▶ **Data segment**:

━━━━━━━━━━━━━━━━━━━━━━━━━━━━━━

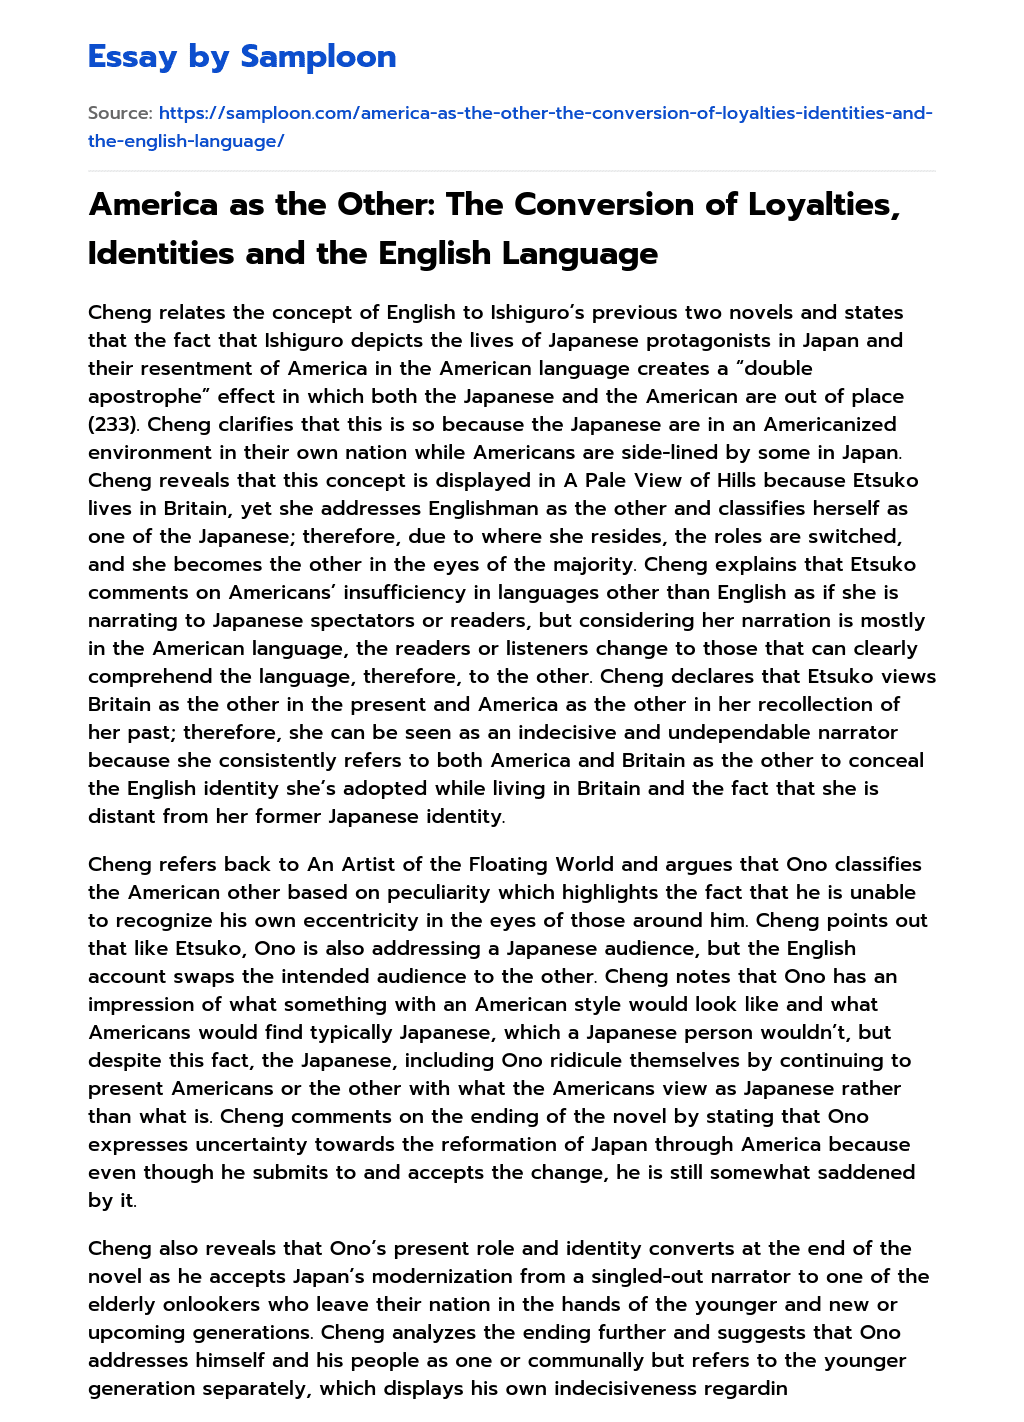 America as the Other: The Conversion of Loyalties, Identities and the English Language essay
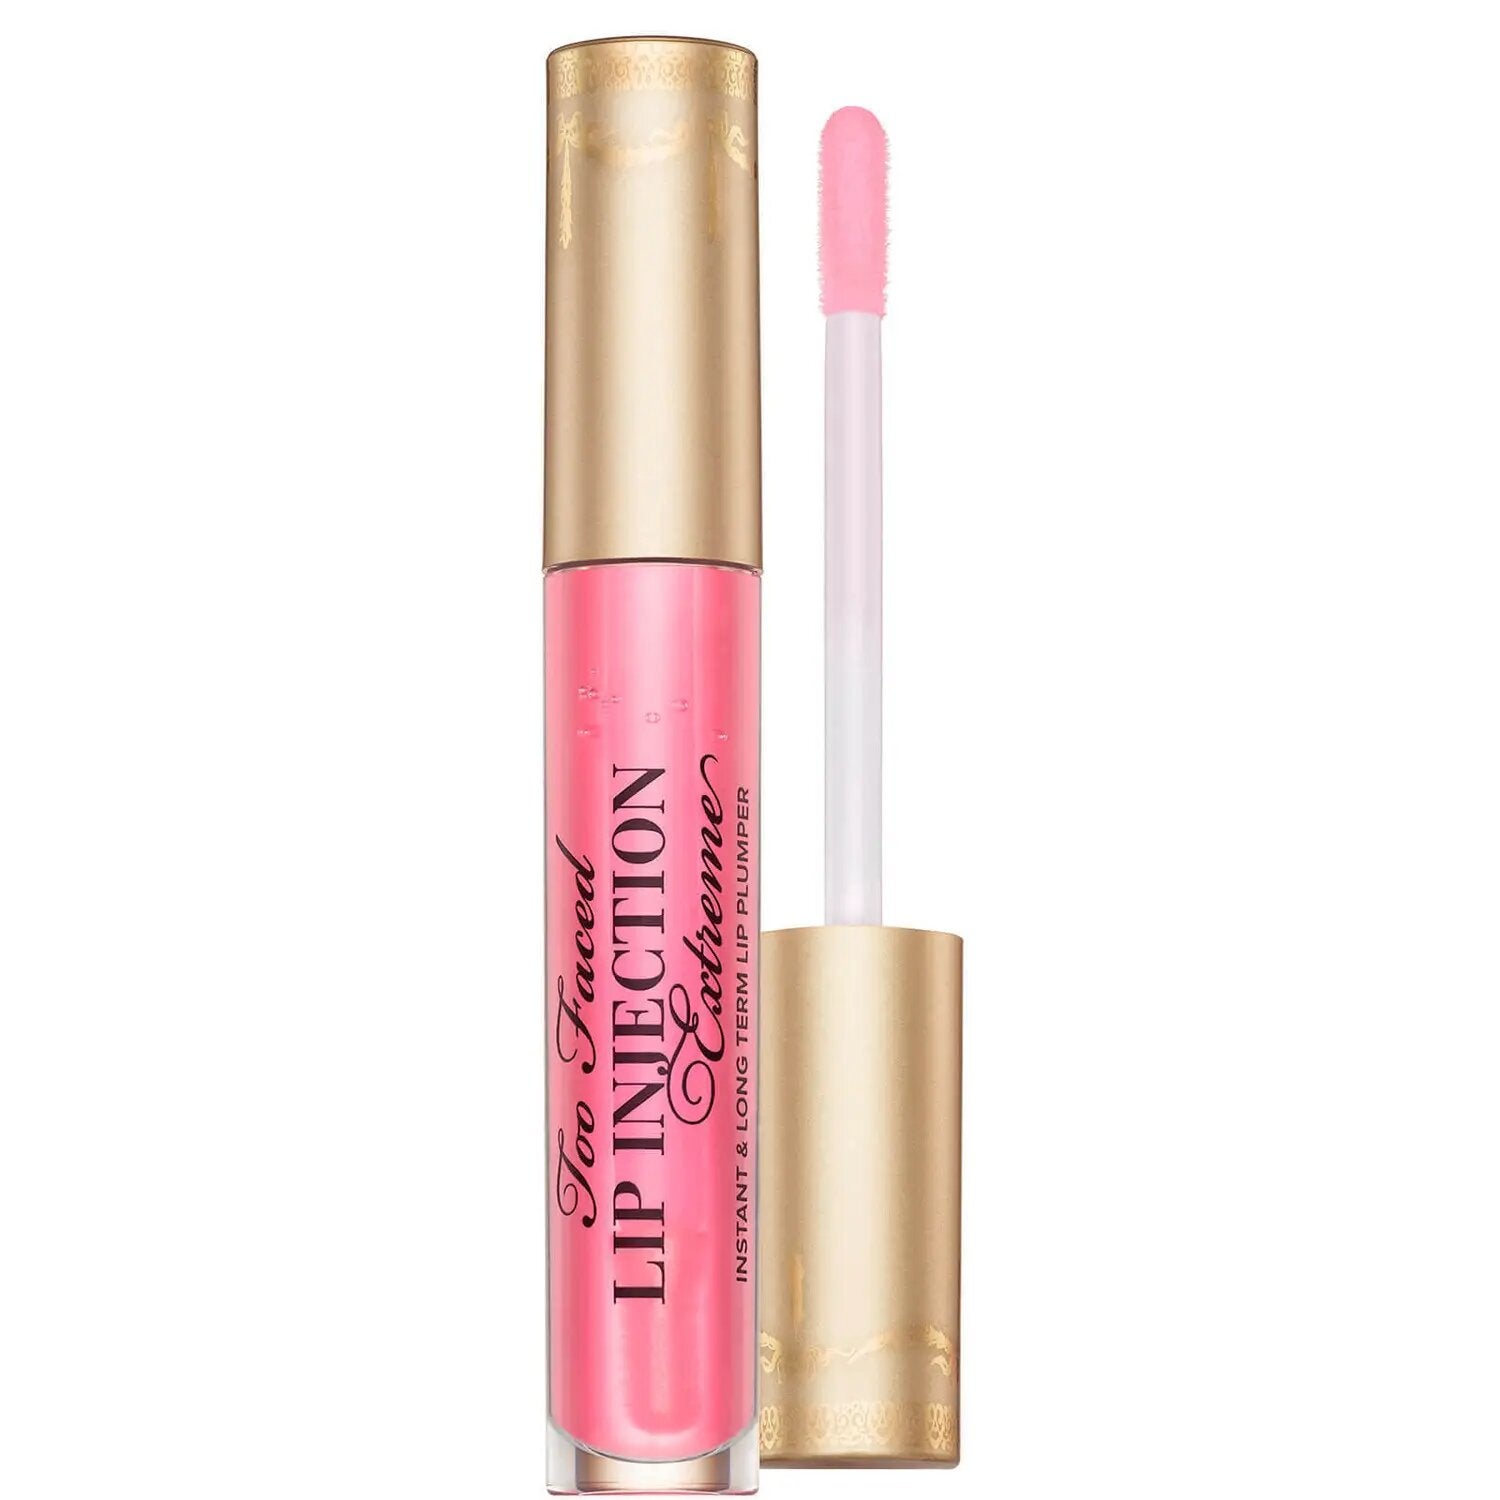 Too Faced + Lip Injection Extreme – Bubblegum Yum
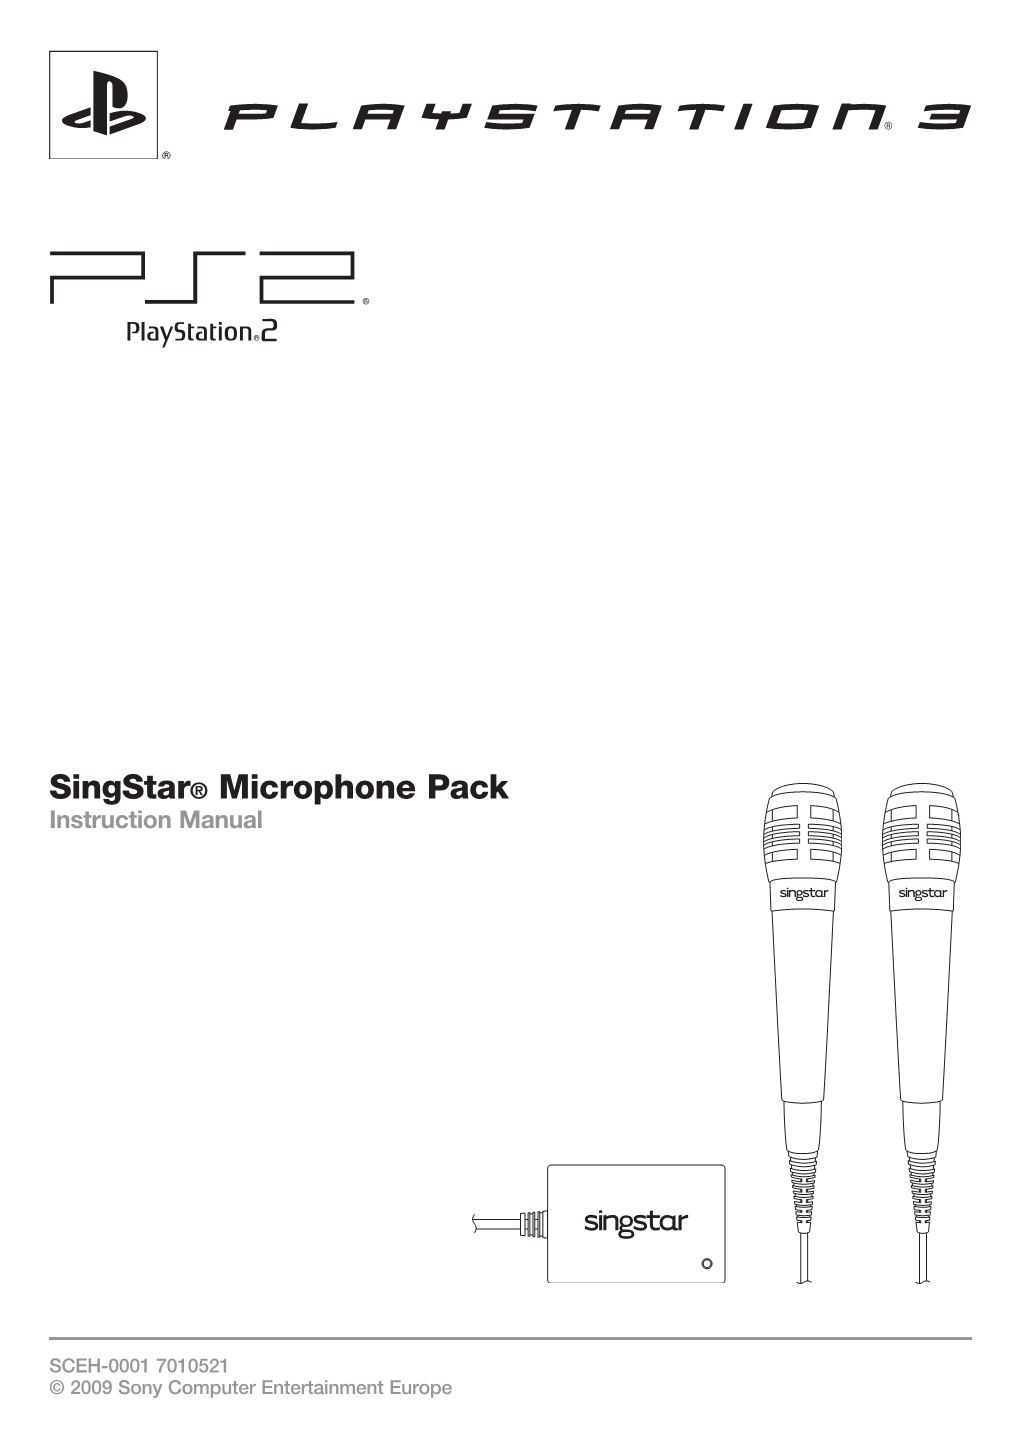 Singstar® Microphone Pack Instruction Manual
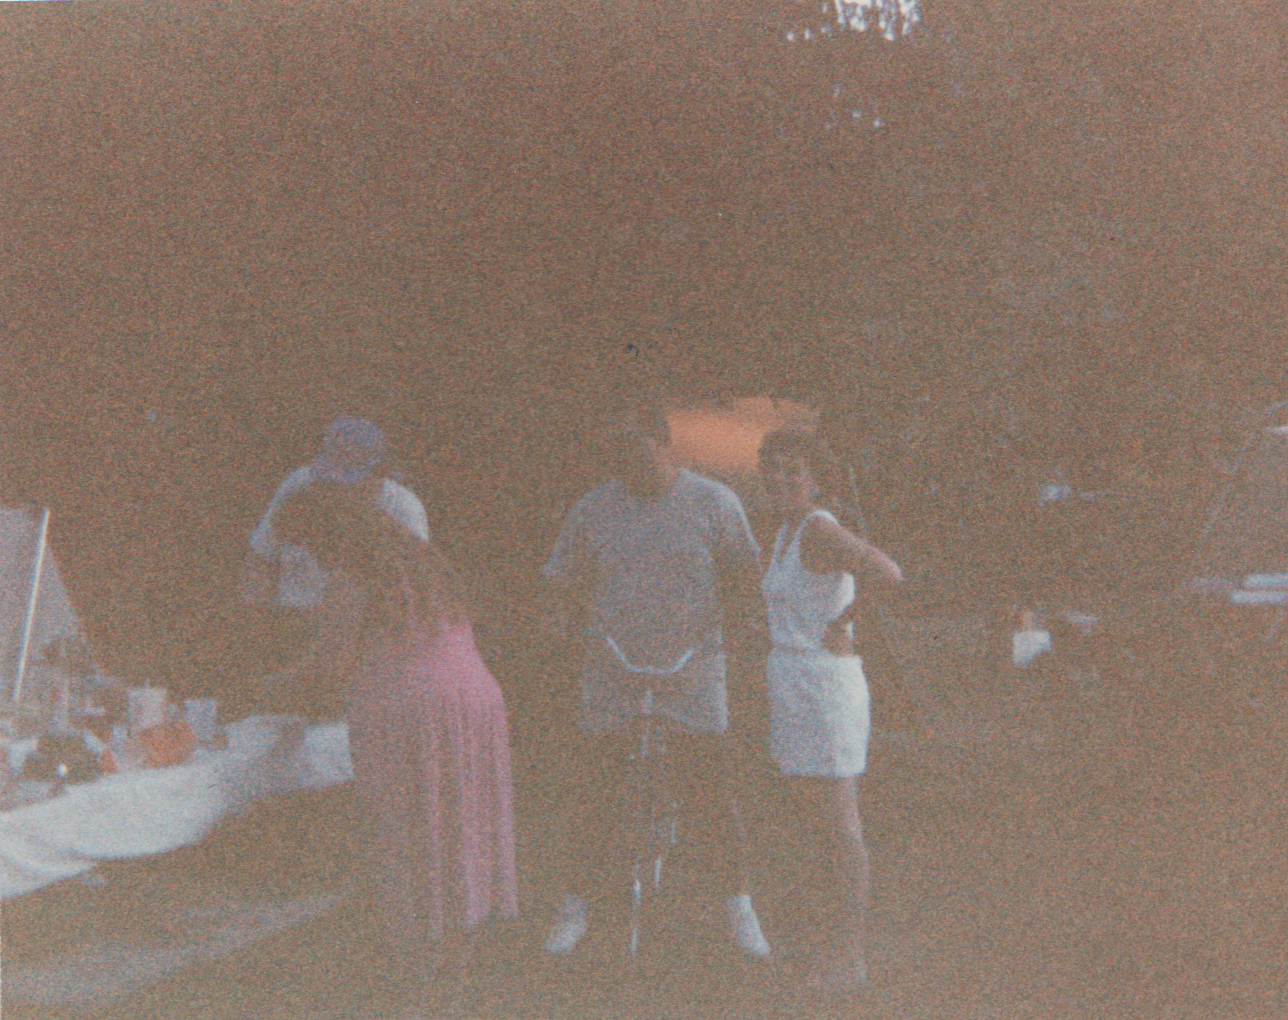 1991-08 - Camping - Joey, Rick, Crystal, Katie, mom, dad, others, tent, picnic table, field, food, playing, includes maybe Sunday or weekend-5.png

━━━━━━━━━━━━━━━━━━━━━━━━━━━━━━

▶ **Work order**: An exact transcription of the material is required, without any pictures.

▶ **Expected answer**:
 America as the Other: The Conversion of Loyalties, Identities and the English Language essay
 Too Faced + Lip Injection Extreme – Bubblegum Yum
 Singstar® Microphone Pack Instruction Manual
 1991-08 - Camping - Joey, Rick, Crystal, Katie, mom, dad, others, tent, picnic table, field, food, playing, includes maybe Sunday or weekend-5.png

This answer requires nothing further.